DATASET EXCERPT:
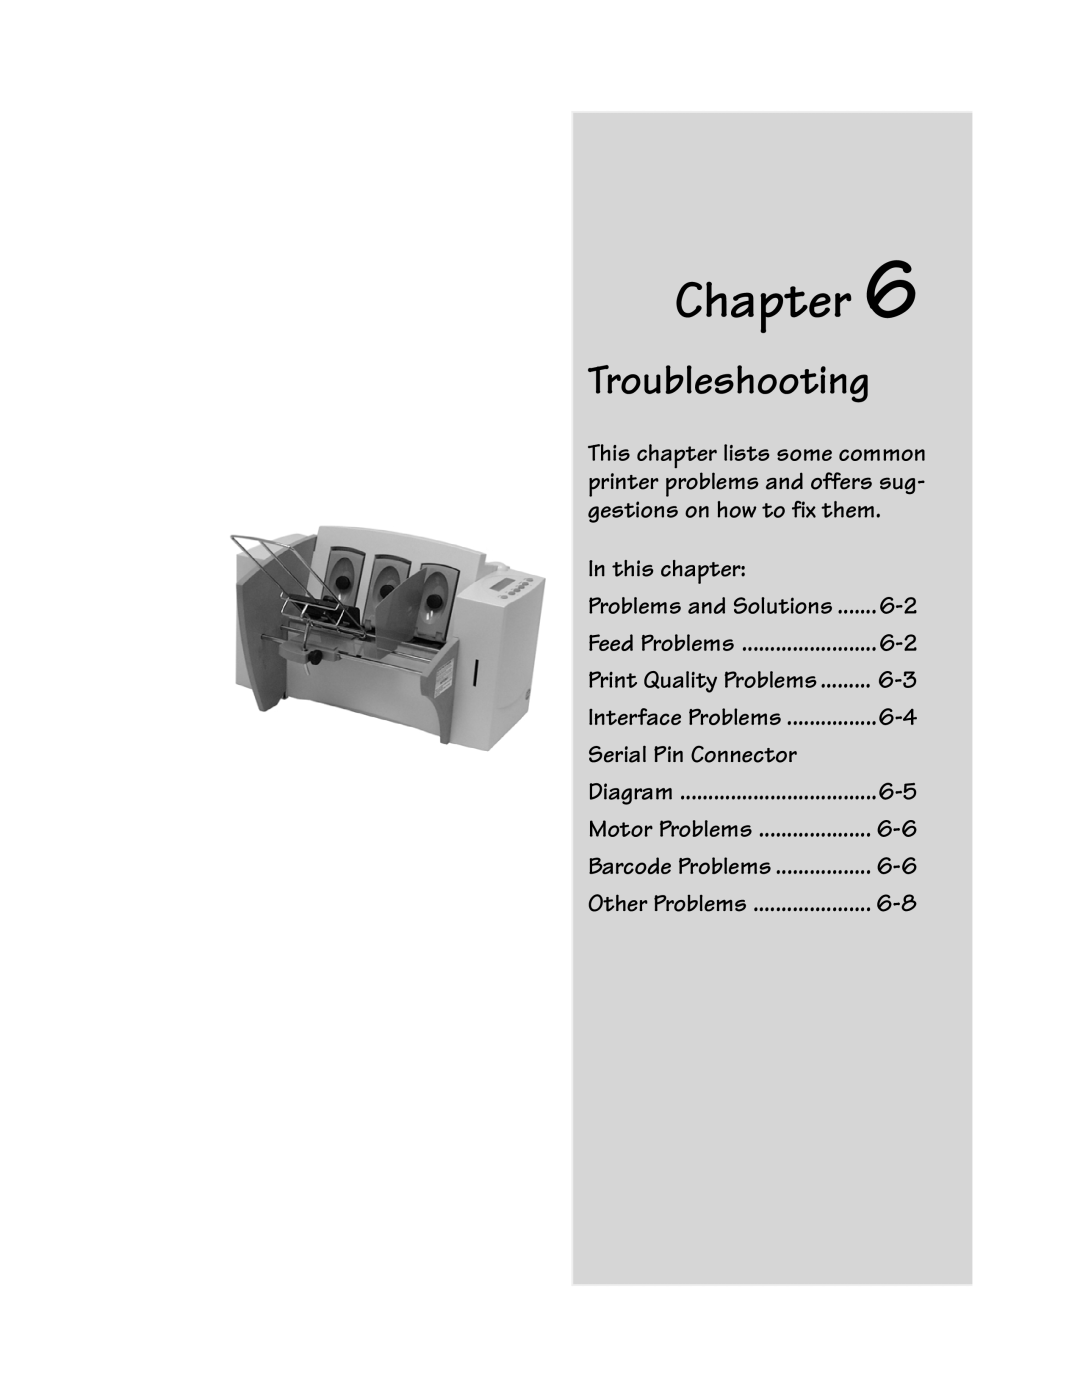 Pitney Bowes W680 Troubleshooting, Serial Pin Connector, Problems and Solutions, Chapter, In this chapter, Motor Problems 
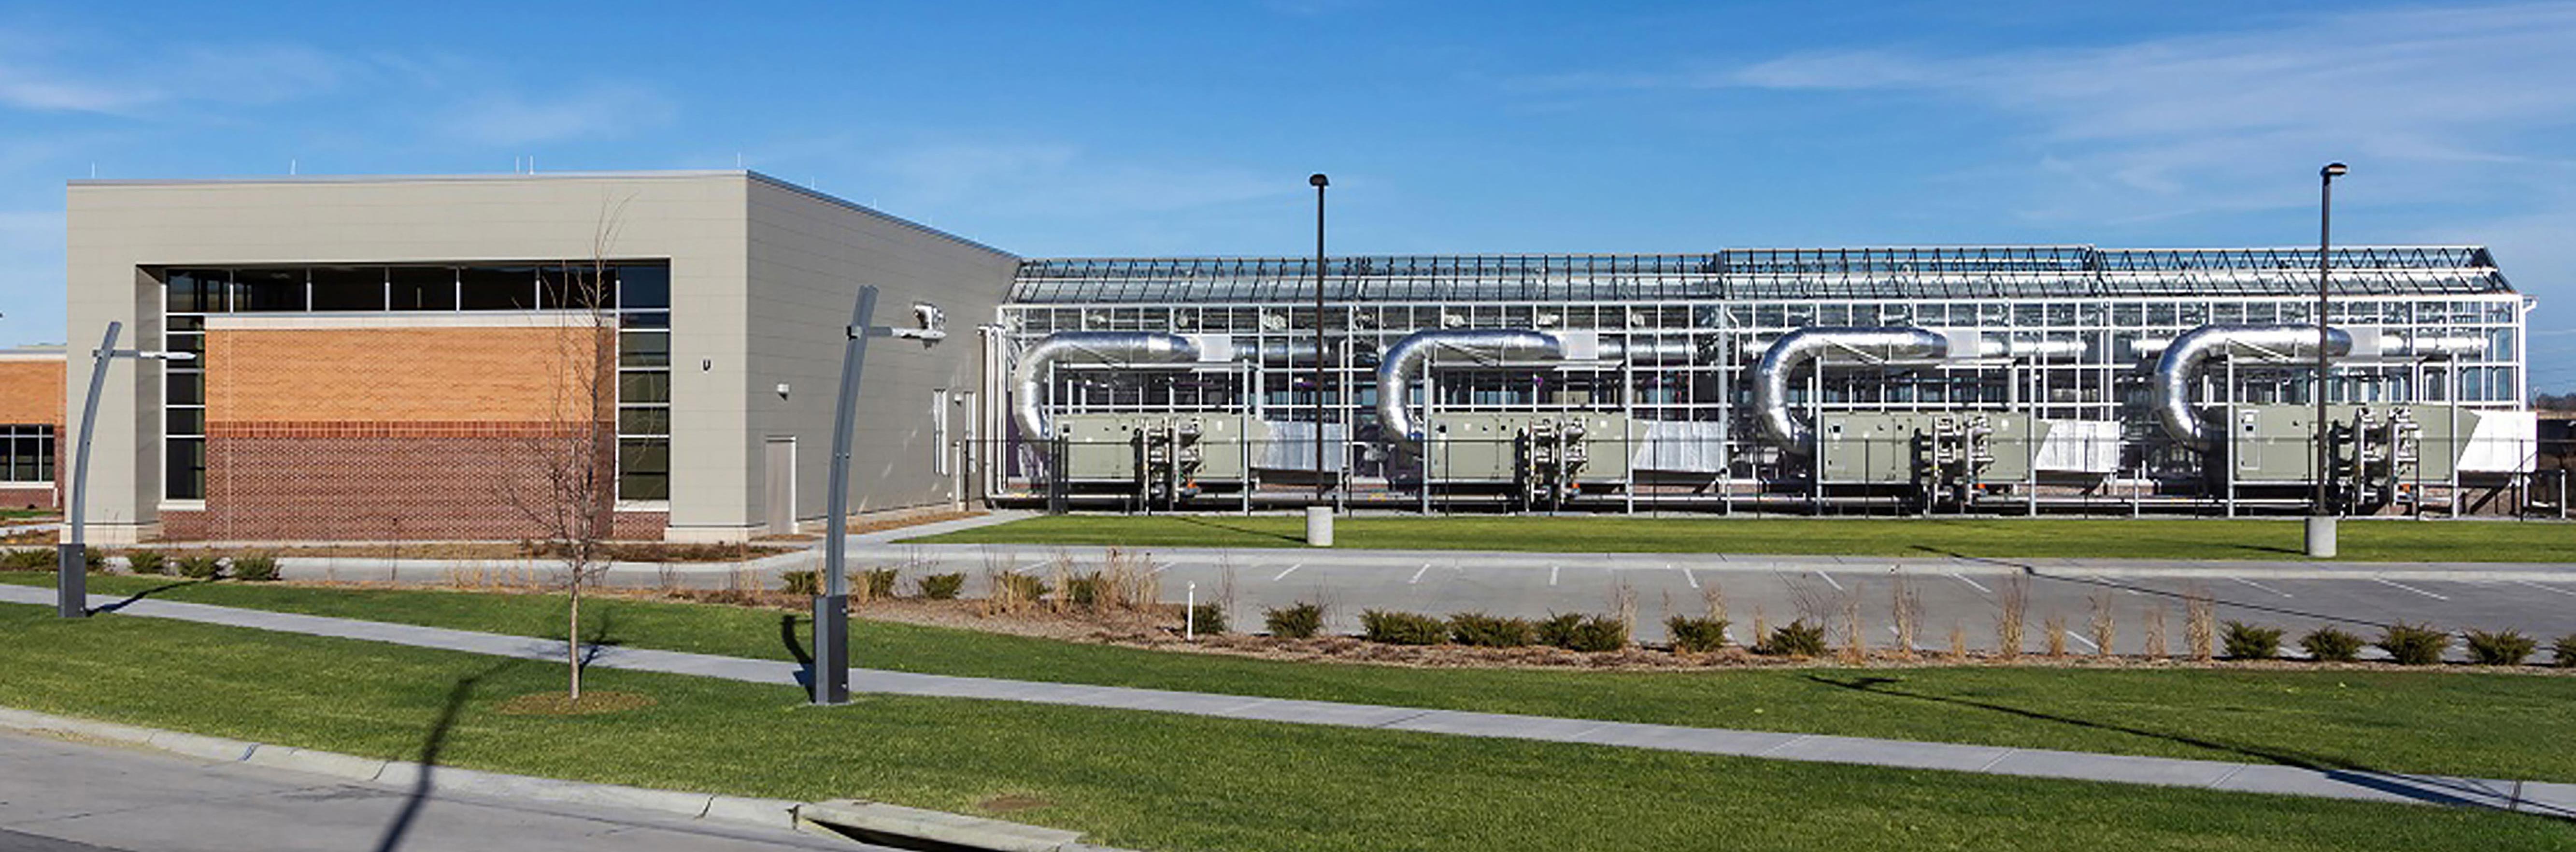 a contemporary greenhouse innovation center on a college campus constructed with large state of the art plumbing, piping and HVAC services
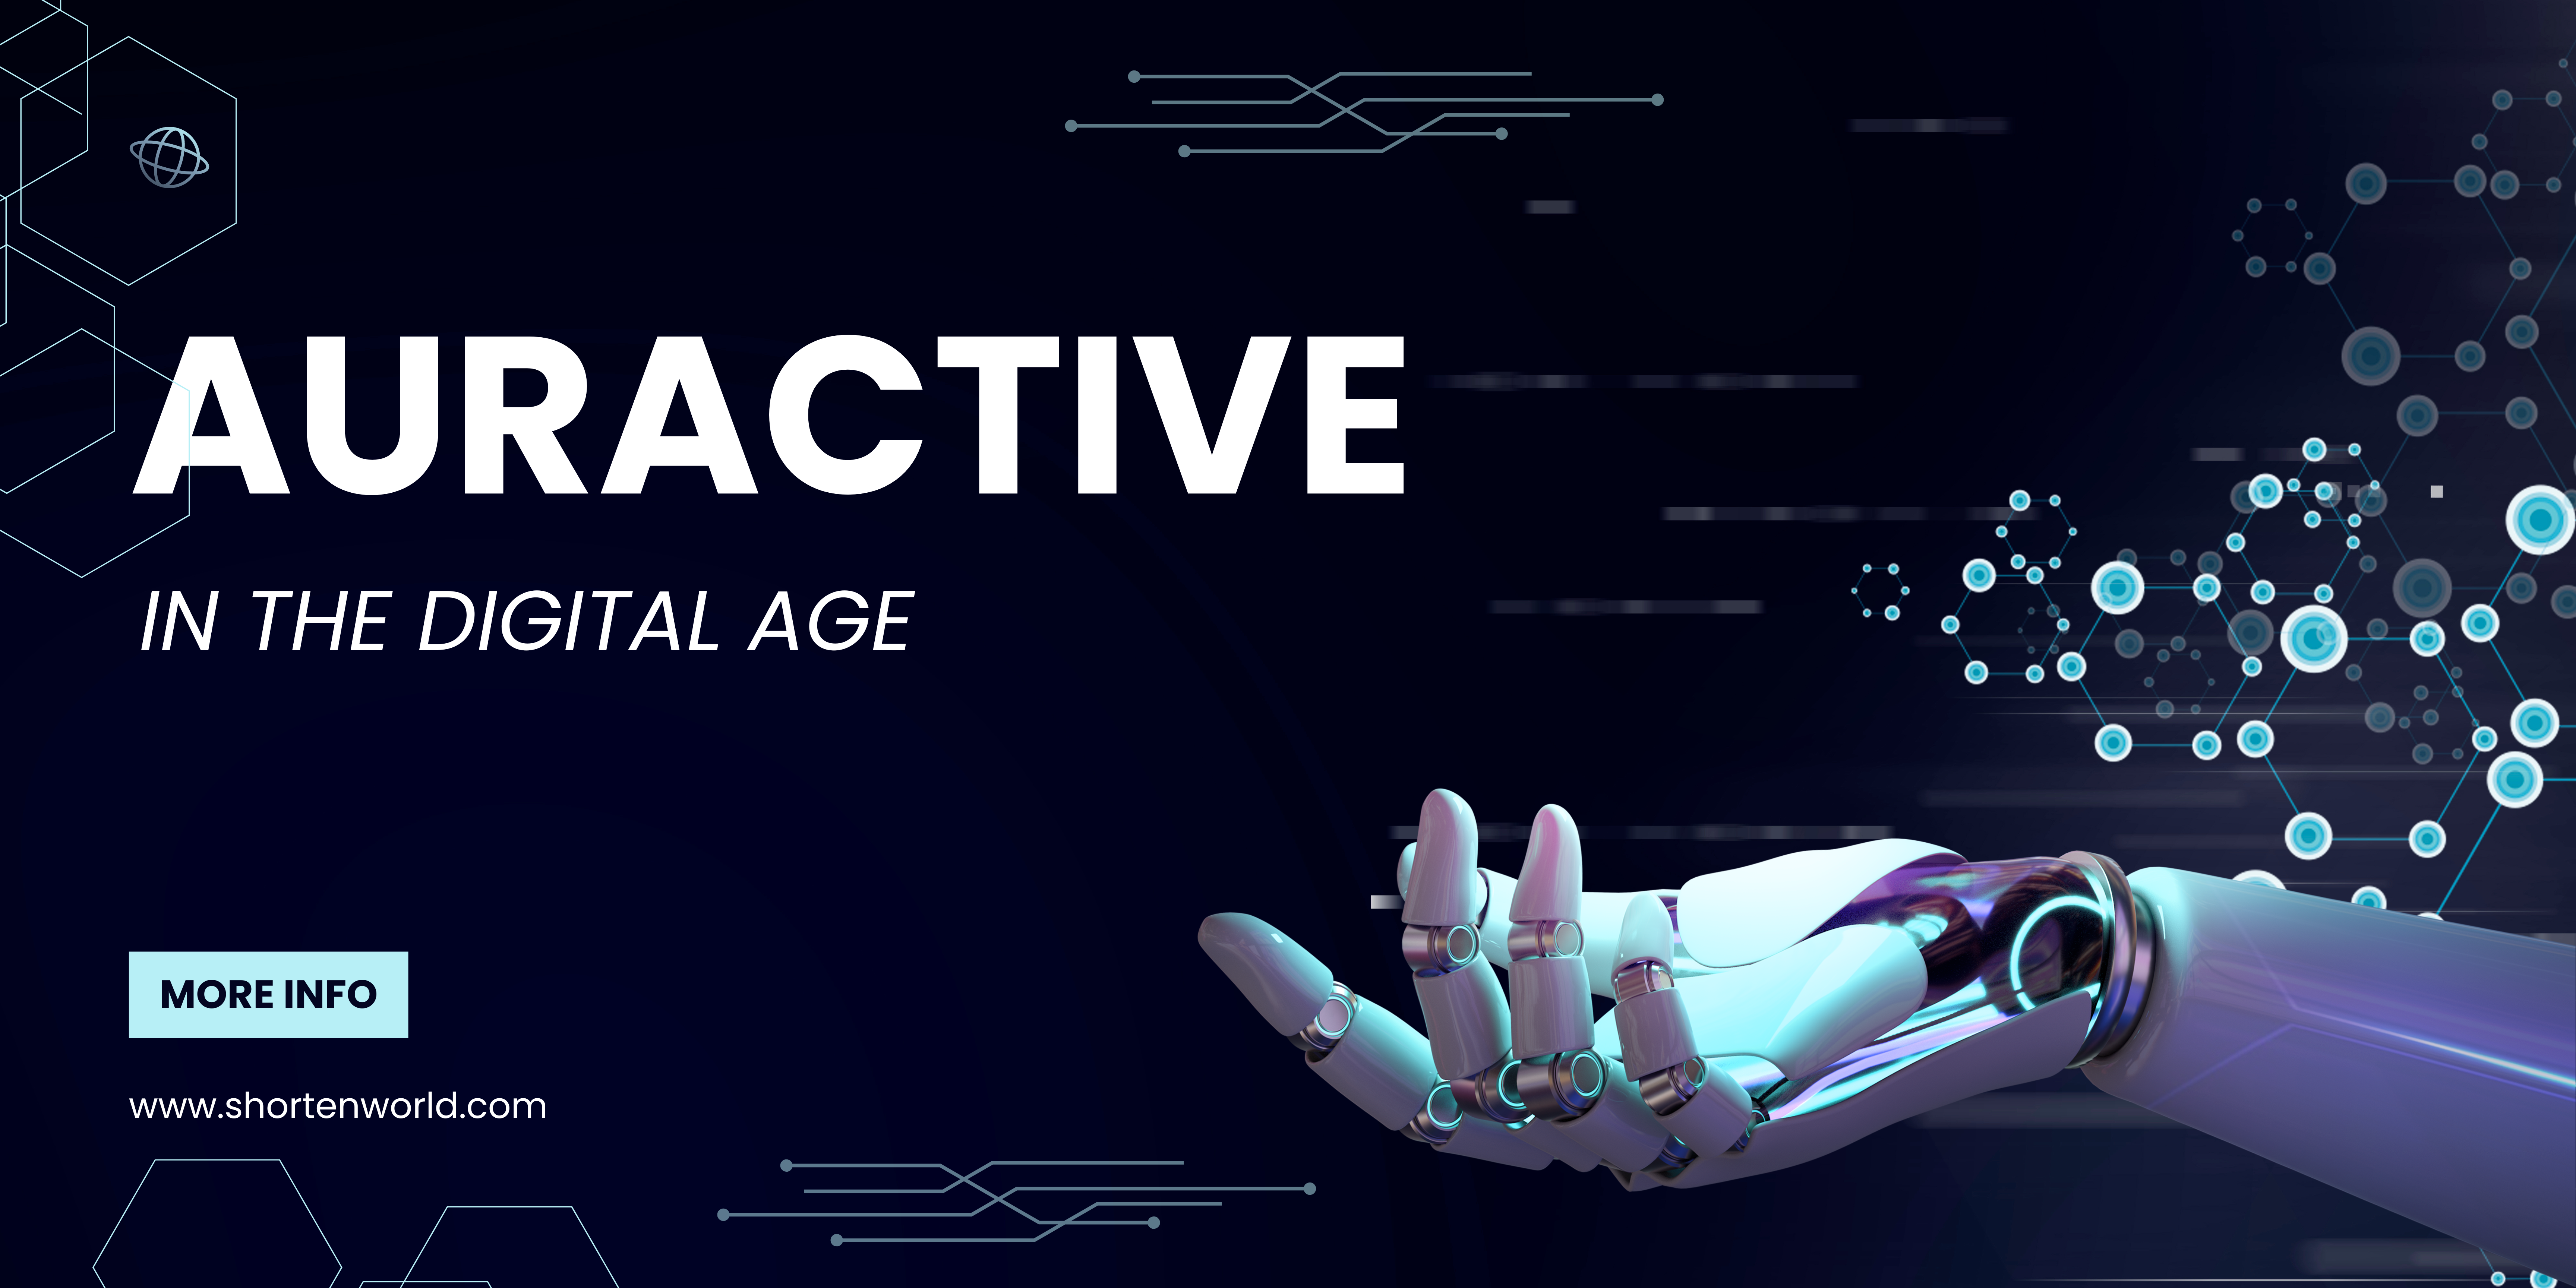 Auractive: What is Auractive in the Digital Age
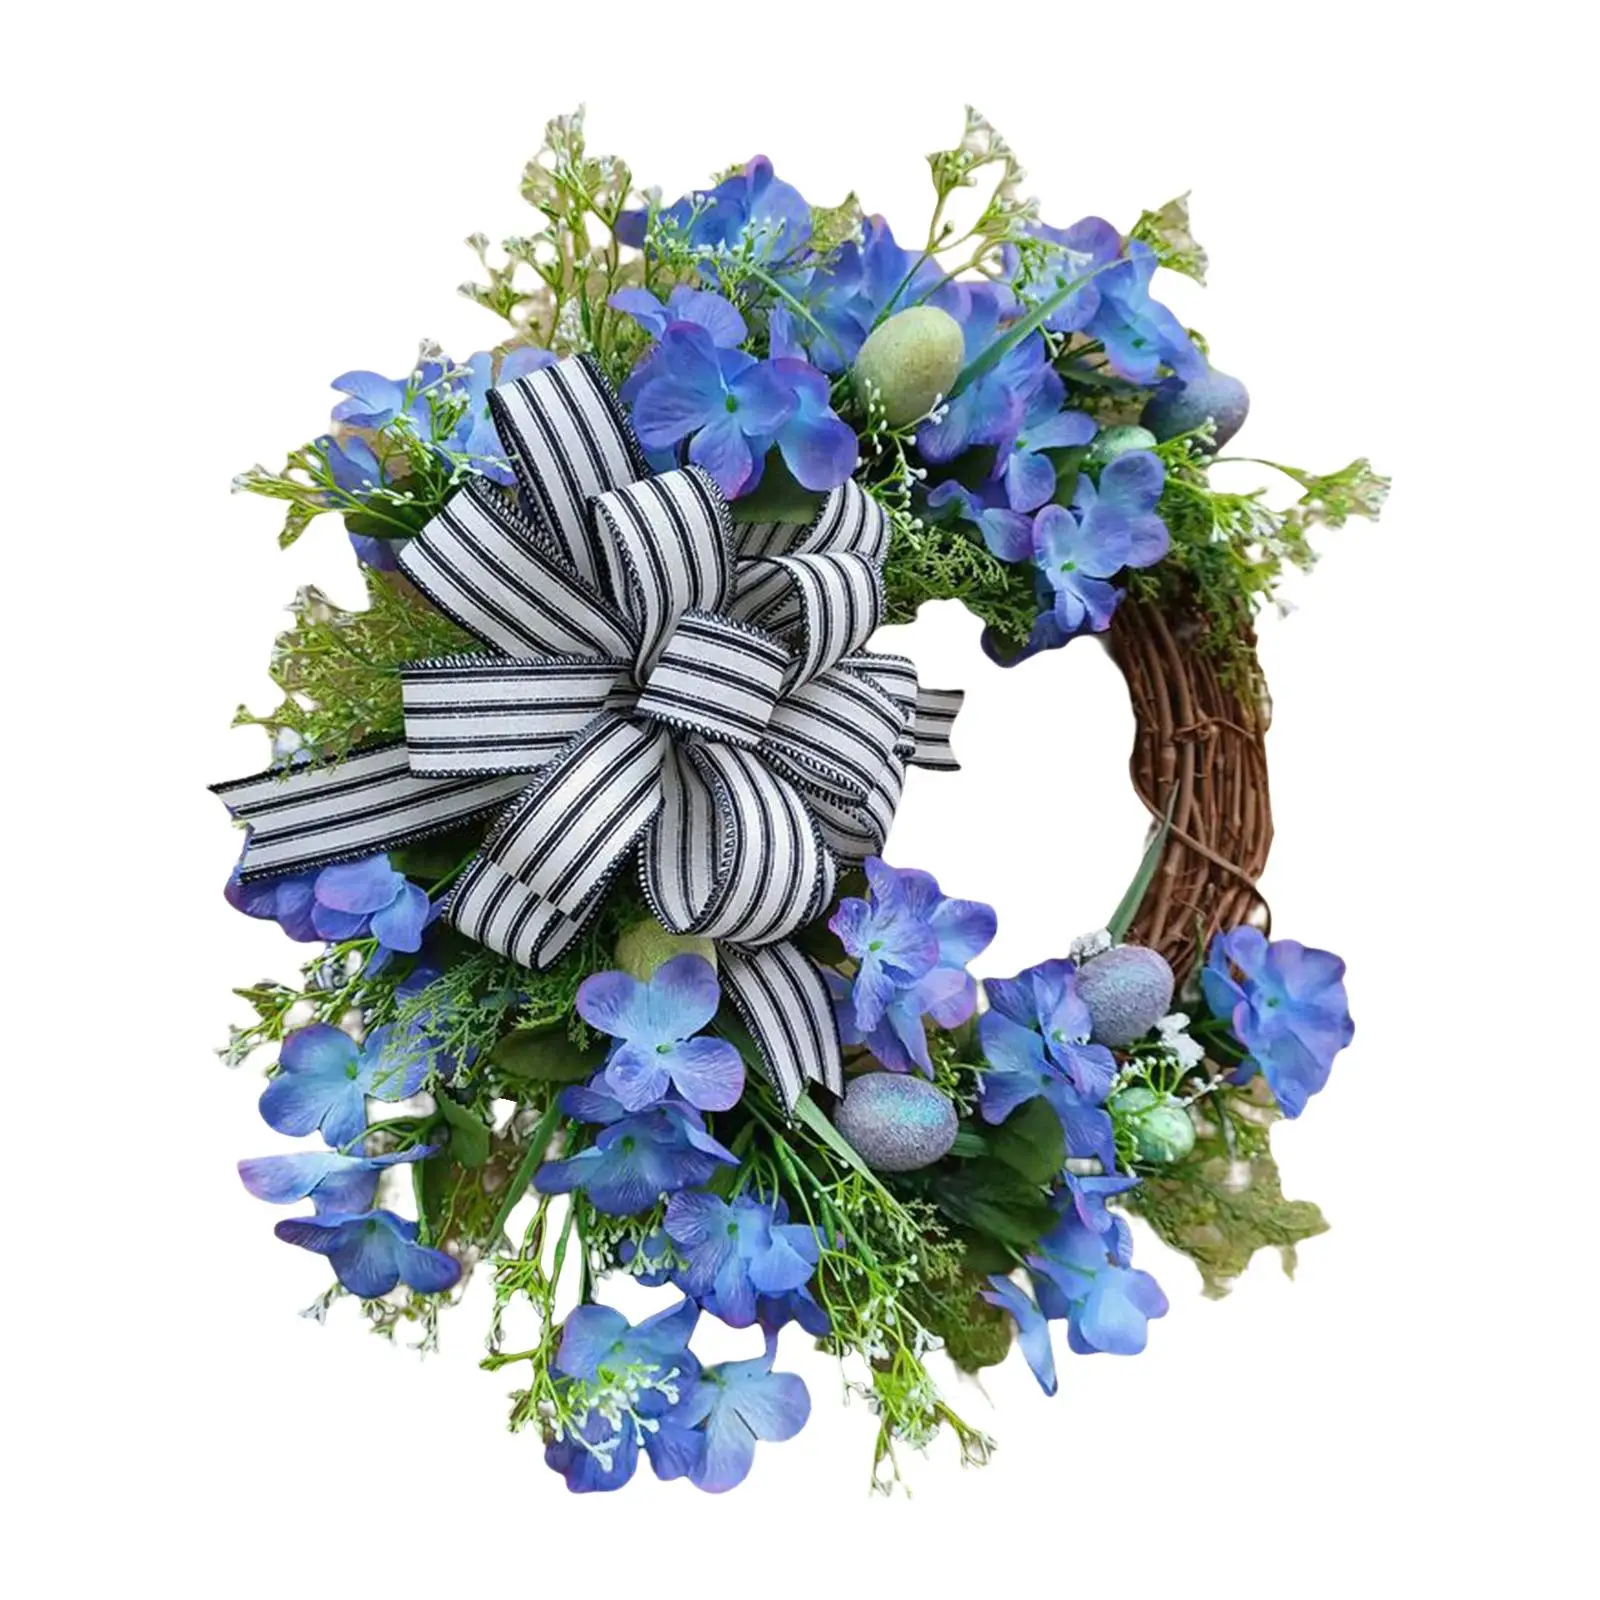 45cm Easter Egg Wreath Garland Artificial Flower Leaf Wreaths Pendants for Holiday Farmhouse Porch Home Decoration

EXERCISE DETAILS: Would you please transcribe the listing in full, exactly, while omitting the images?

ANSWER SPACE:
 Pitney Bowes W680 Troubleshooting, Serial Pin Connector, Problems and Solutions, Chapter, In this chapter, Motor Problems 
 a contemporary greenhouse innovation center on a college campus constructed with large state of the art plumbing, piping and HVAC services
 Auractive: What is Auractive in the Digital Age
 45cm Easter Egg Wreath Garland Artificial Flower Leaf Wreaths Pendants for Holiday Farmhouse Porch Home Decoration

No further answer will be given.